I mean we can look at that one event they showed us but I;m here and still looking at 2 and a half years worth of games that still haven’t pushed the envelope and still haven’t given PC a ton of games like SC, so far we’ve got 1 and a half if we count KCD but even then that’s multiplat by design.
Wait so consoles and |PC are now all going to use DX 12 to push some massive limits?.
I honestly don’t see why we need off the shelf consoles to help us get the visuals for a PC game, let alone a single API and not say others.
I just don’t see how we need consoles in order to make really good PC only games that won’t ever run on consoles.
So if they master obsolete hardware, then we won’t have to upgrade for like 20 years with each mastery?.
I know how it all works but I;m finding it zany to believe that some devs have to master obsolete off the shelf hardware to give us what SE teases us with what we could get for a game, all without having to use new hardware at all. Last time I checked we advance with tech like we advance with everything, we don’t master something and stick with the same tech for decades and decades, we’ve mastered the art of making phones and yet we get new ones each year, we don’t need to stick with the same phone for say 10-20 years.
I just don’t believe that to get PC only games, we need console only devs to master an API and then make game only for PC to give us what PC can do, that just sounds too forced and insane.
Xbone isn’t, however PS4 already uses a low level API which basically they had to even unlock one of the dev cores for a bit more performance. PS4 provides a bit more resolution and performance compared to xbone, however its still not all that much.
DX12 will help Xbone compete against PS4, however when comparing both to PC it still isn’t much.
Thats actually very interesting if its the case. I know Sony has done a few updates during the PS4’s lifespan thus far to optimize their API. Would be interesting to see that continue.
+1 for vulkan.
Considering that the vast majority of PC gamers are running a 1920 or less monitor and a $200 or less graphics card, it does not really matter all these extra bells and whistles. The same goes for consoles. SONY is making a mistake with their PS4.5 as it will cut down on sales of the PS4 which 40 million people find it to be a perfectly good gaming console. So what that it cannot do 1080P all the time. It plays games and looks good. Good is good enough.
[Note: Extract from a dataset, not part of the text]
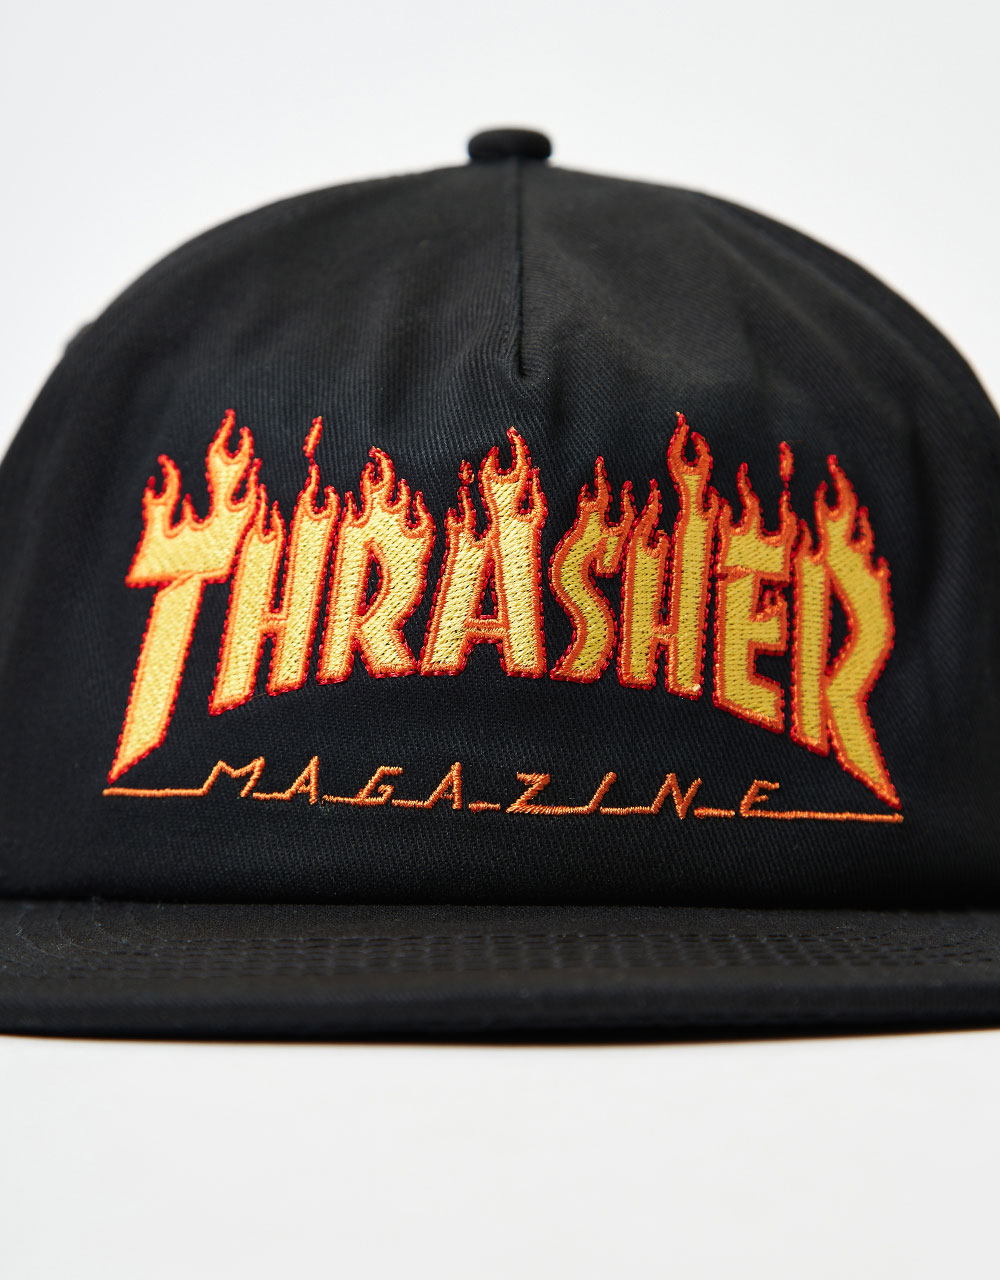 Thrasher Flame Embroidered Snapback Cap - Black

I’ve been playing a lot of Paragon lately and it already looks amazing, the only difference from the trailer is texture quality.
I would like to know when is Paragon going to use these new features it it’s not already in the next patch.
ark survival can you see this?
Read the article before posting.
get a clew before posting.
talk as if you know any better than Epic or Nvidia.
“Thanks for the suggestion, but I’d rather not.”
you just did.
and there’s nothing in that article to back up your rants, just more updates & improvements to an already impressive engine.